Monday, April 27, 2009

Tried, Failed, Done Trying and Moving On

I'm still trying, unsuccessfully, to share my experience of having a family member move in. Unfortunately, it still sounds too much like I'm complaining.

And really, it wasn't that bad, but in a lot of ways, it kind of was.

What I've come to realize, however, is that I have no advice. As I was drafting my story, I realized that there was very little that I would have done differently.

For instance, my guests brought with them a dog, who wasn't housebroken (although I didn't know this little piece of fact) and who had fleas (to which my twelve year old chow-chow is highly allergic), and an unneutered male cat who found a spot he liked in every single room with carpeting and marked it ... every day (and I spent Easter Sunday shampooing the carpets while Deus Ex Machina took the girls over to his sister's house for dinner and an egg hunt).

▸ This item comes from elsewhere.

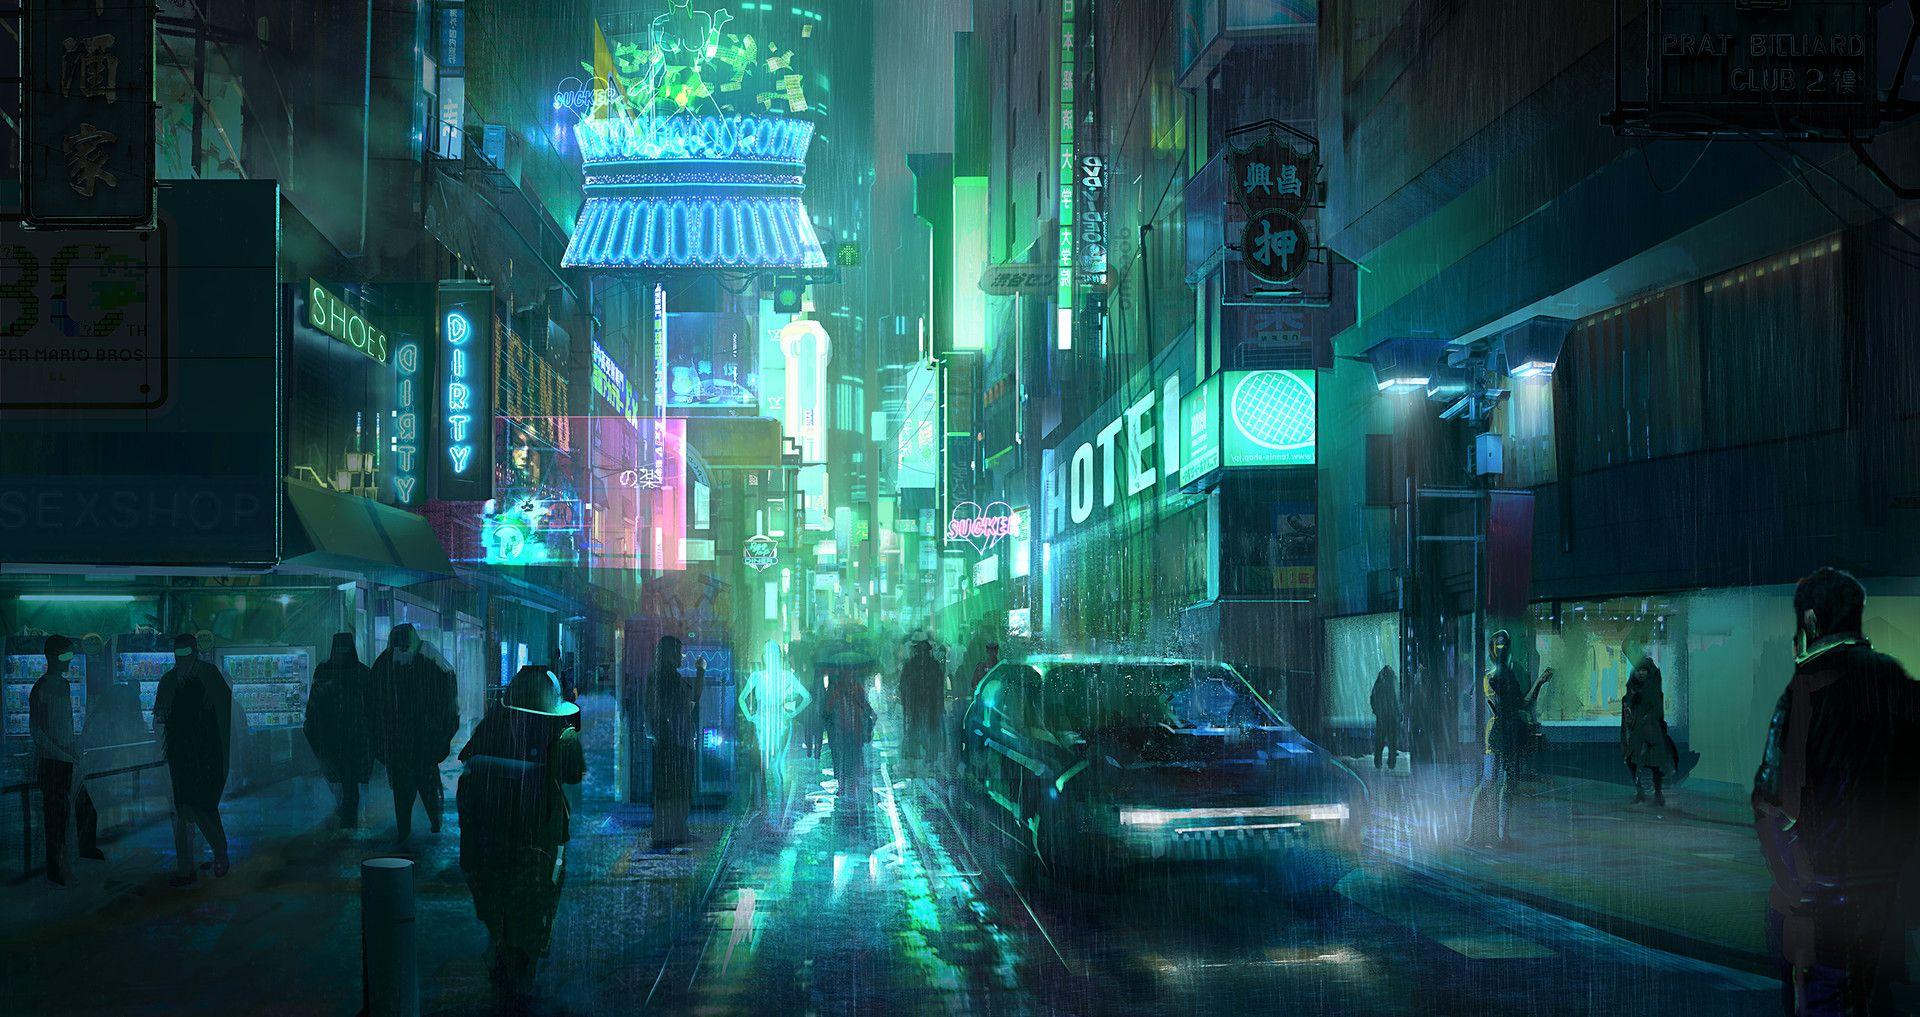 ArtStation Cyberpunk street, Liang Mark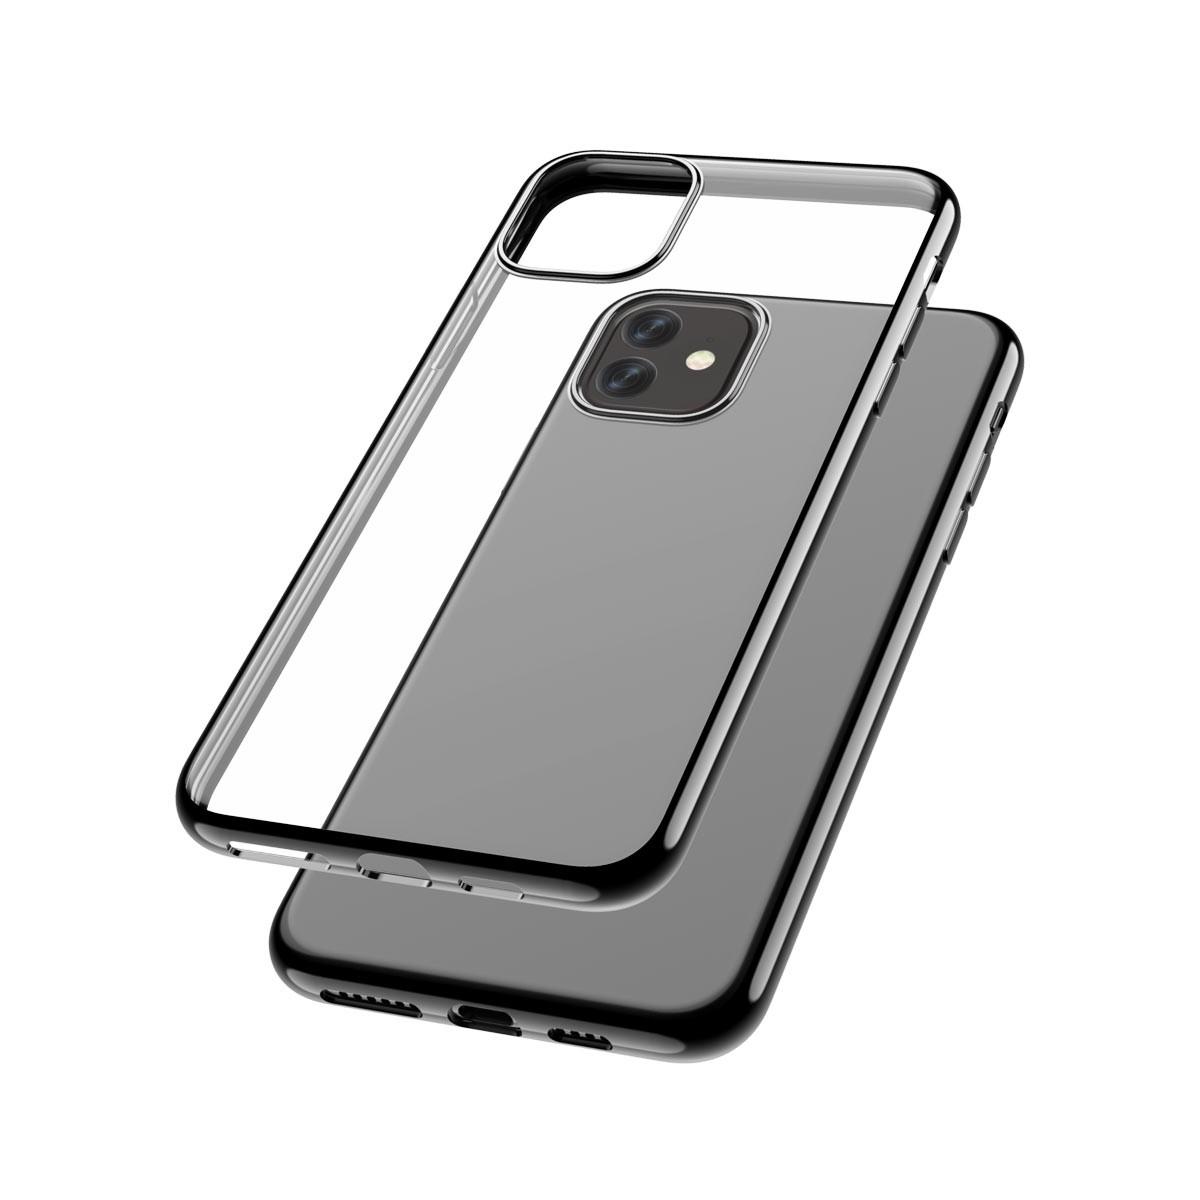 Capac protectie spate cellara colectia electro pentru iphone 11 - negru

The alternative would have been to have told them they could not bring their pets. But ...

... our animal shelters are currently overburdened with the number of surrendered animals from families who can no longer afford to keep them. I don't know that I could, even now, force my "guests" to give up their animals so that they could stay with me temporarily. Besides we have two dogs and have had cats in the past, but with all of my years of pet-ownership, I never anticipated how difficult adding a third dog and the very well hydrated cat would be.

Verde asked if I had reread Sharon's infamous Brother-in-law on the Couch post, and the answer is no, not while they were here.

But I had thought about it a lot. In fact, one of the options I'd seriously considered for keeping our house in the event of a loss of income would have been to take in a boarder, or two, and I had thought a great deal about how we could rearrange people and rooms to accommodate more people.

In short, in the event that our home became the "go to" place, I had a plan.

In retrospect, I think there are just experiences in our lives where we can plan all day long, but until we actually get into that situation, we're just sketching phantoms. I had all kinds of thoughts about what it would be like. Suffice it to say that my fantasy and my reality were very different.

There are things I could have done better, I'm sure. There are things my guests could have done better, too.

The good news is that I'm exploring other options for keeping my house, and that I didn't end up getting stuck with boarders on whom I was dependent, but who were making my life less wonderful than it is.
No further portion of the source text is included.